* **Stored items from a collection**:
Segment Open
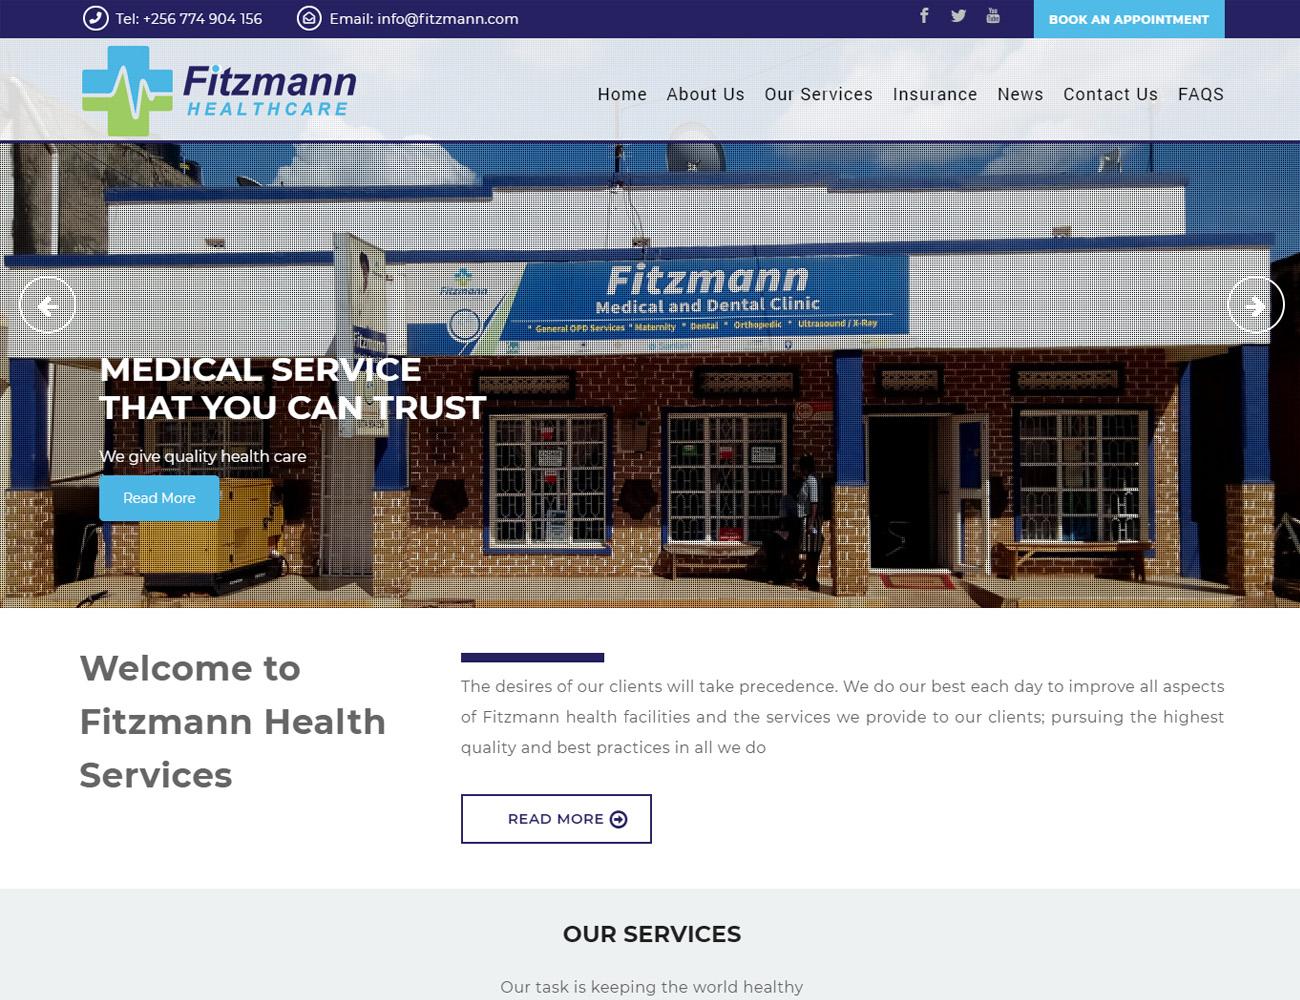 Fitzmann Website Designed by HostGiant
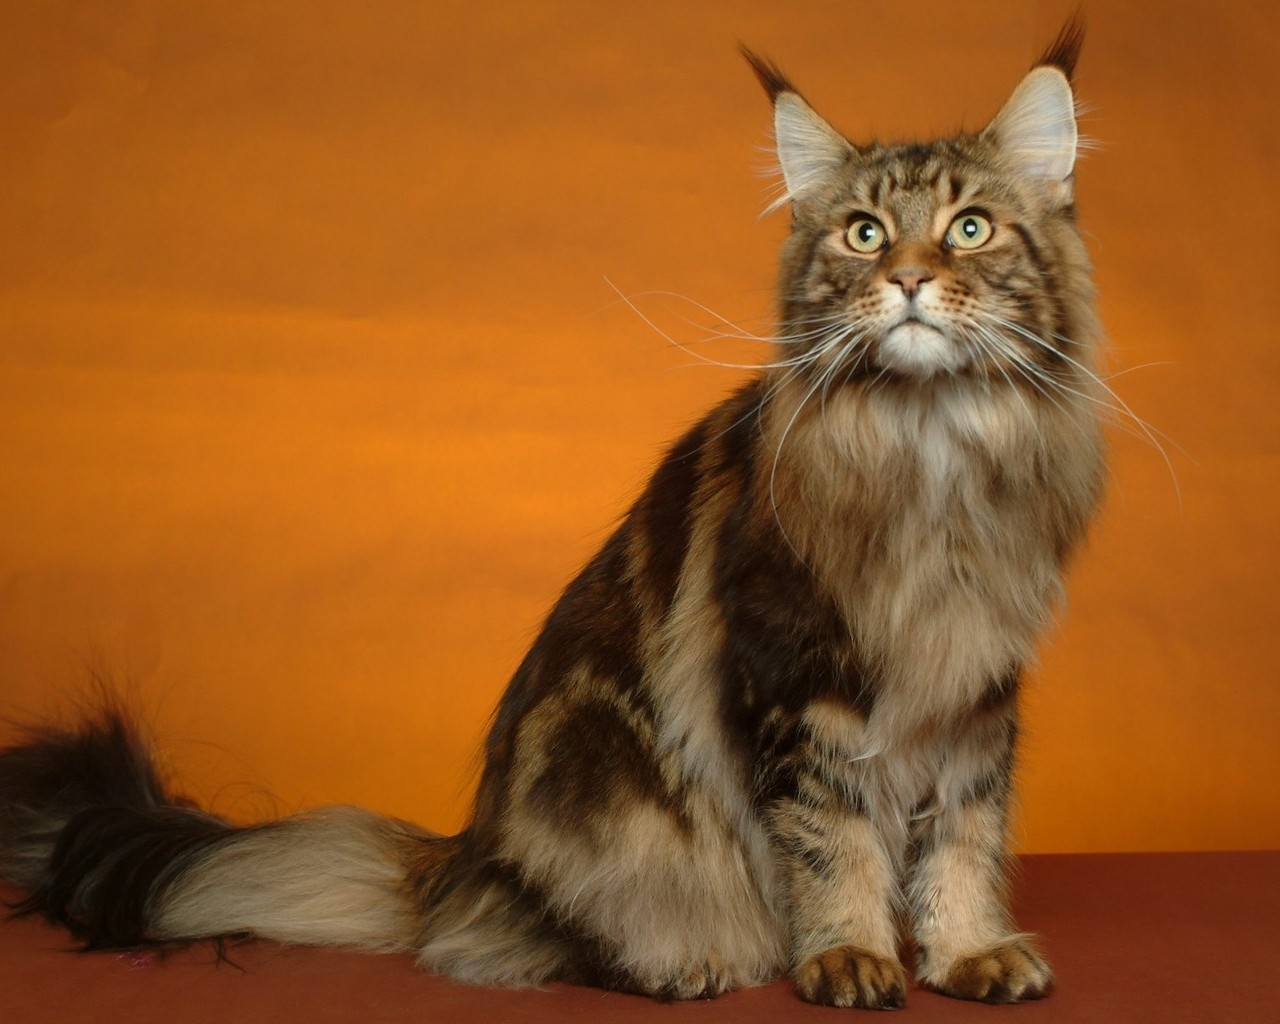 Мейн кун - дикая и домашняя кошка
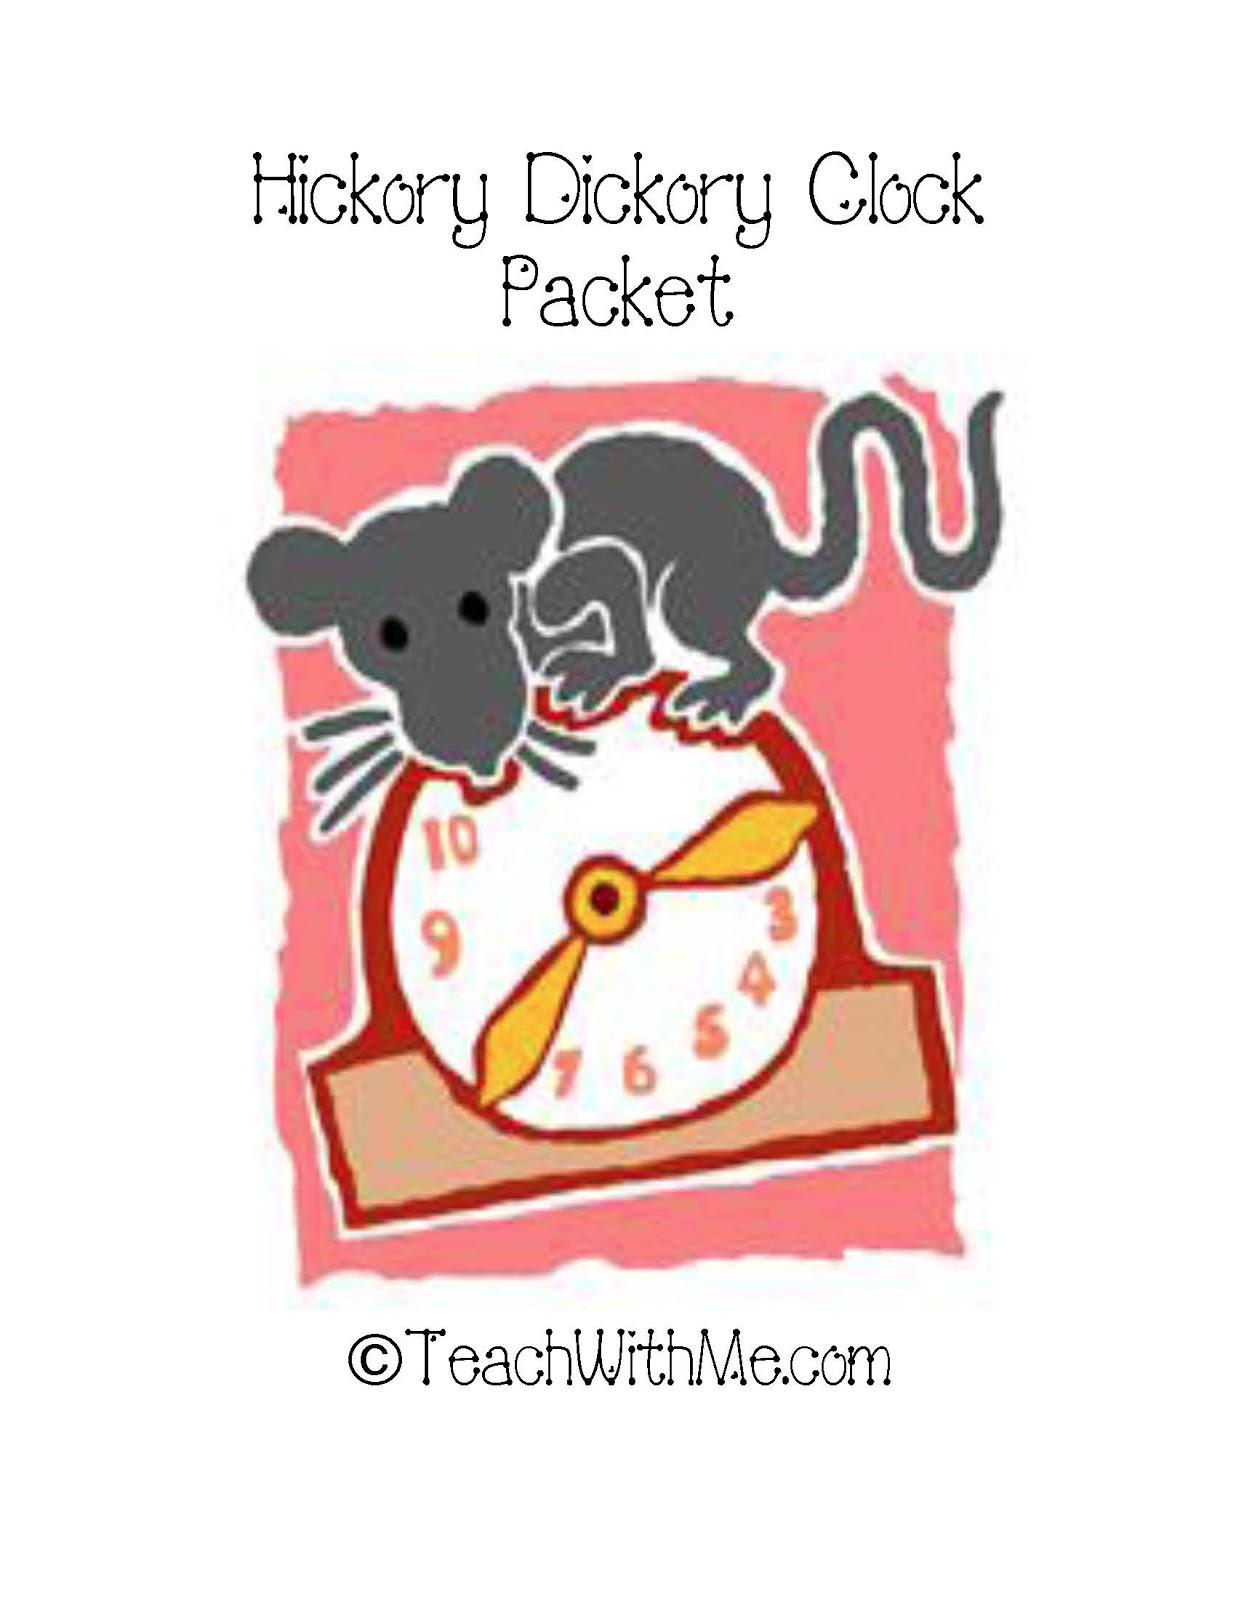 Hickory Dickory Clock Activities
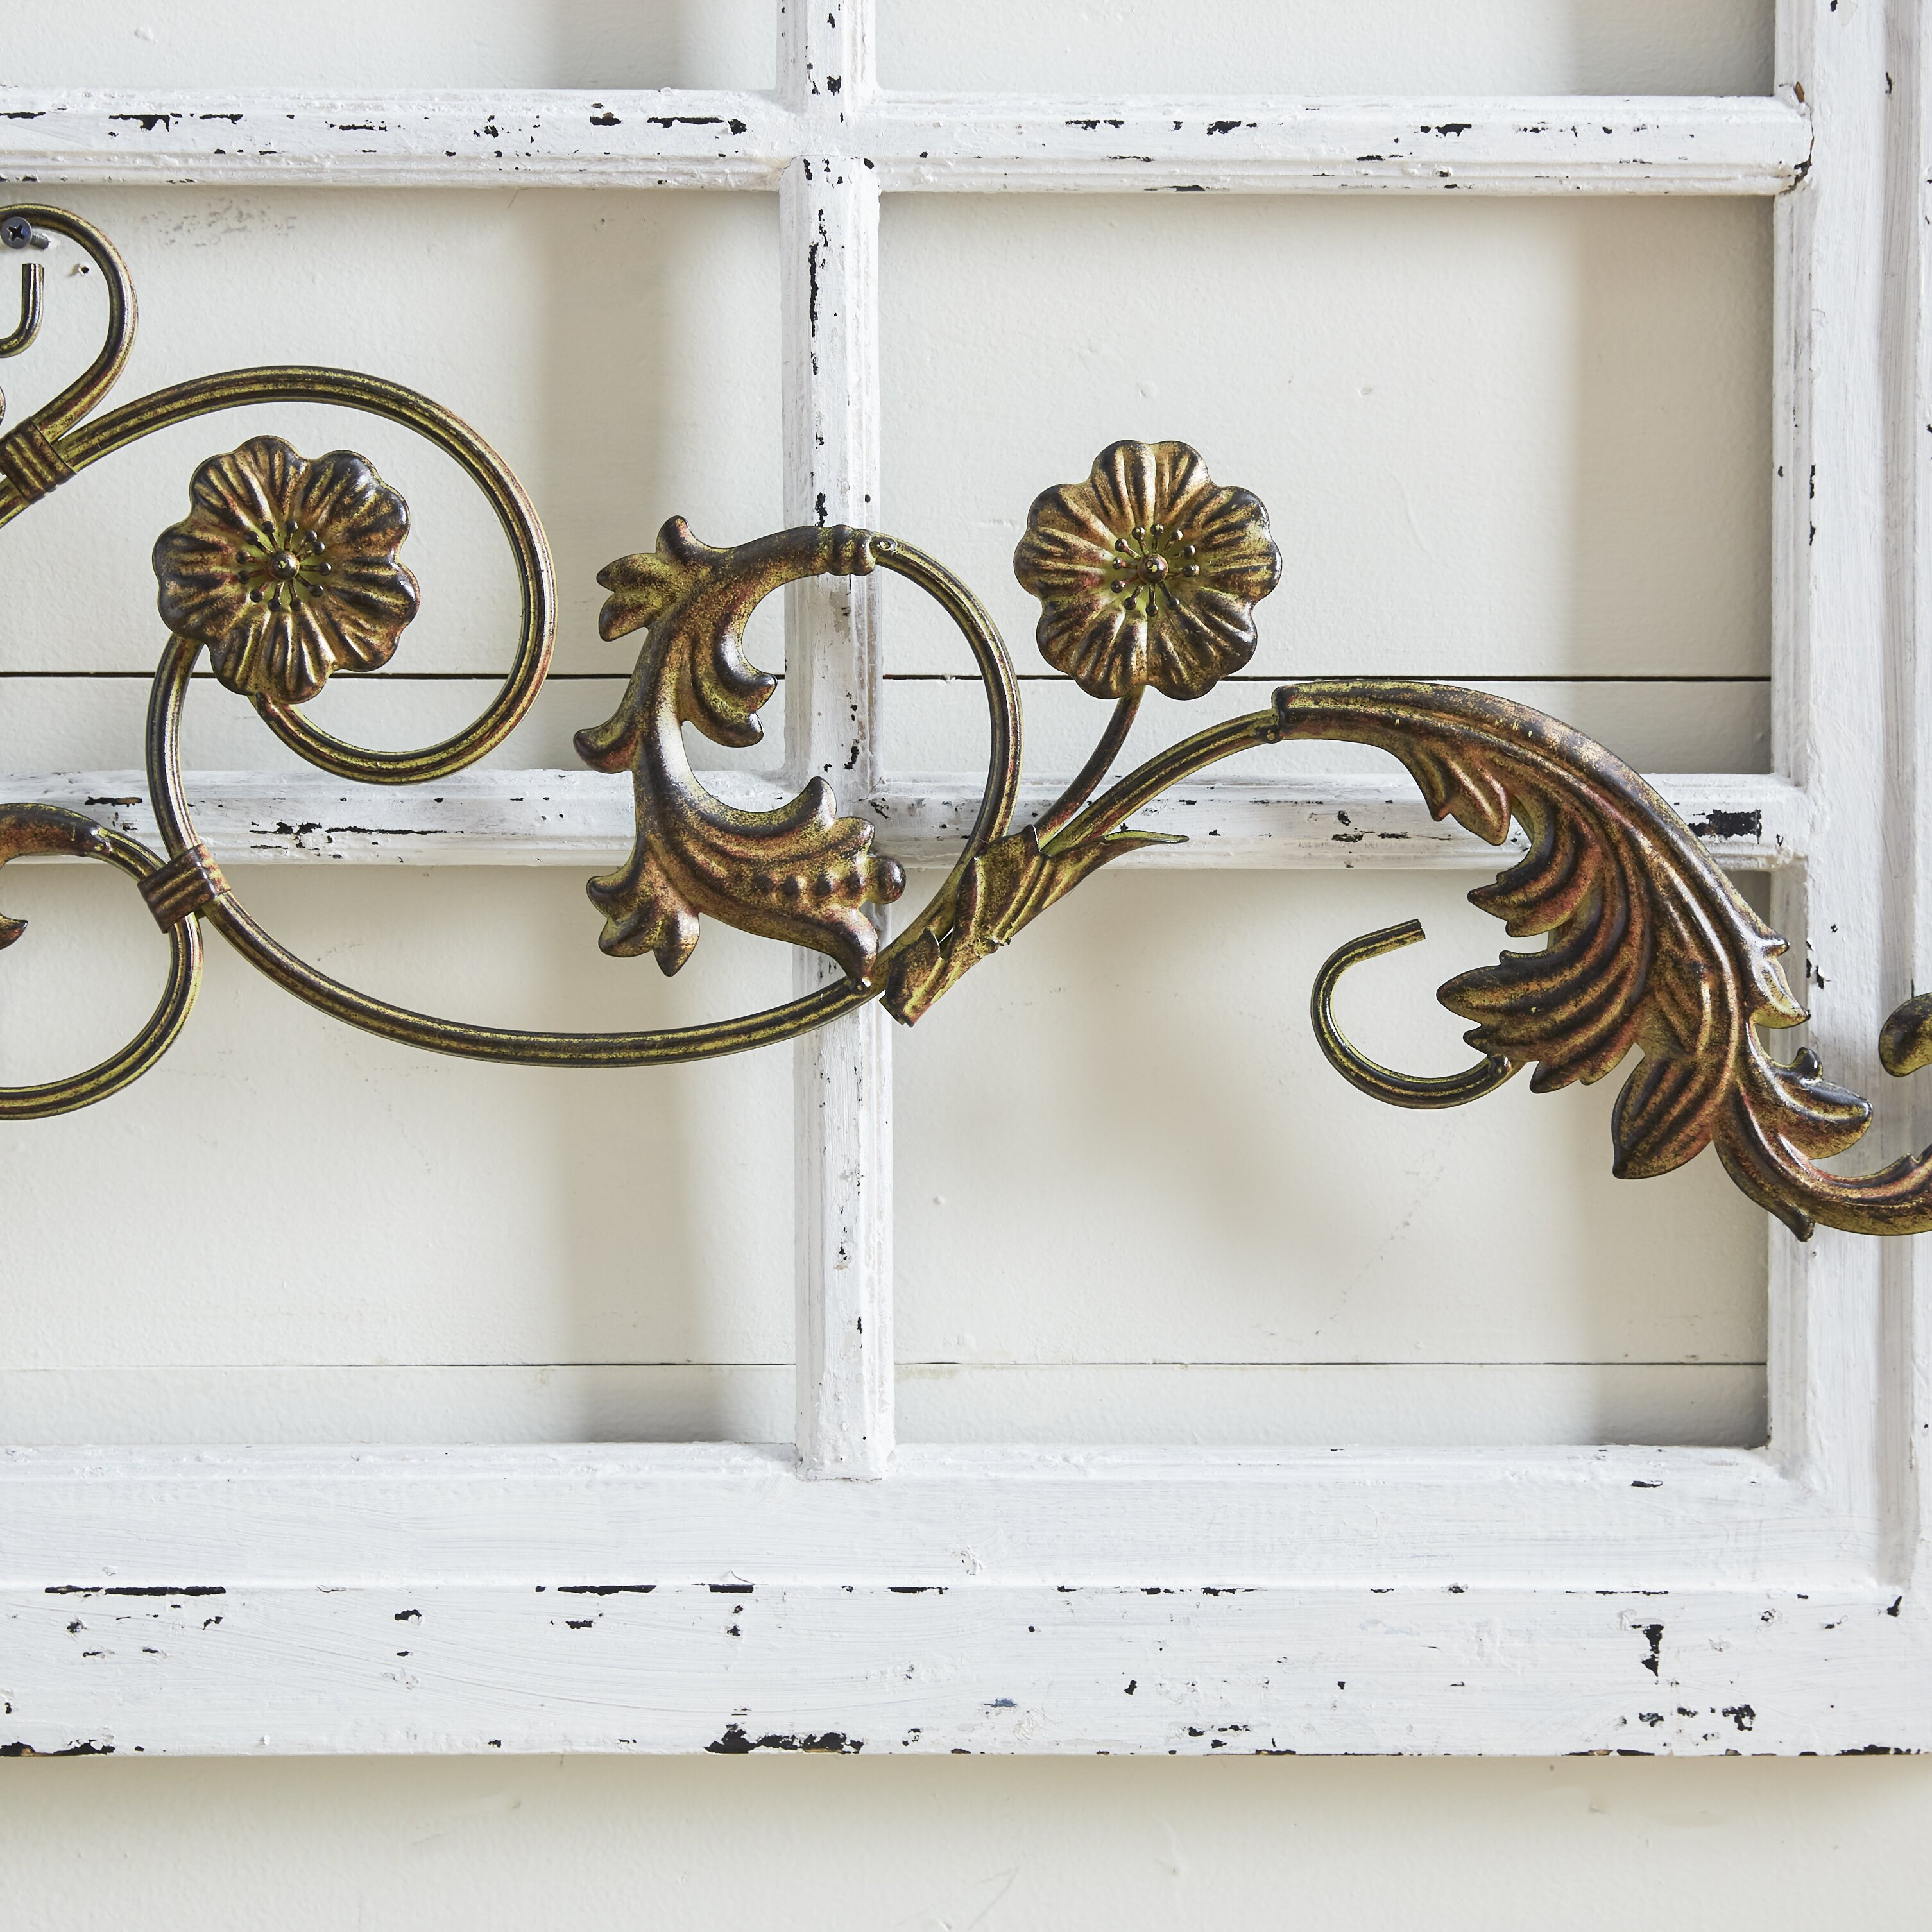 Charlton Home Wrought Iron Wall D?cor & Reviews | Wayfair
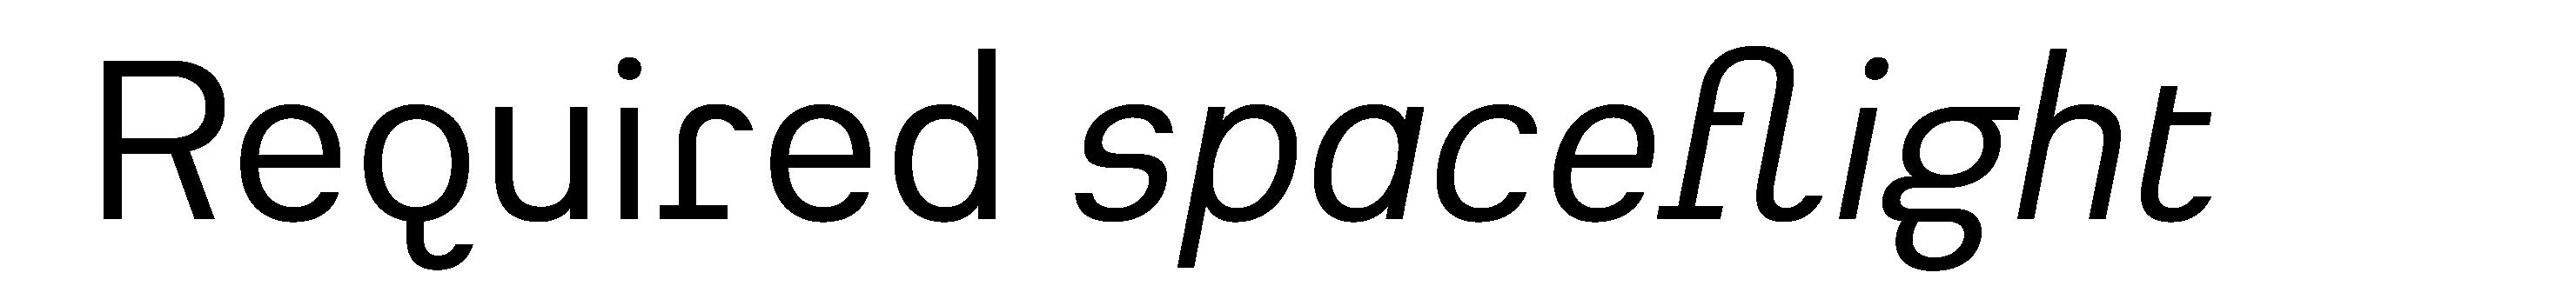 Typeface Heimat Sans D03 Atlas Font Foundry
Segment Closed
* **PROBLEM DESCRIPTION**:
Give the records again exactly as they stand, so that only the pictures are missing.

* **ANSWER BOX**:
 Fitzmann Website Designed by HostGiant
 Мейн кун - дикая и домашняя кошка
 Hickory Dickory Clock Activities
 Charlton Home Wrought Iron Wall D?cor & Reviews | Wayfair
 Typeface Heimat Sans D03 Atlas Font Foundry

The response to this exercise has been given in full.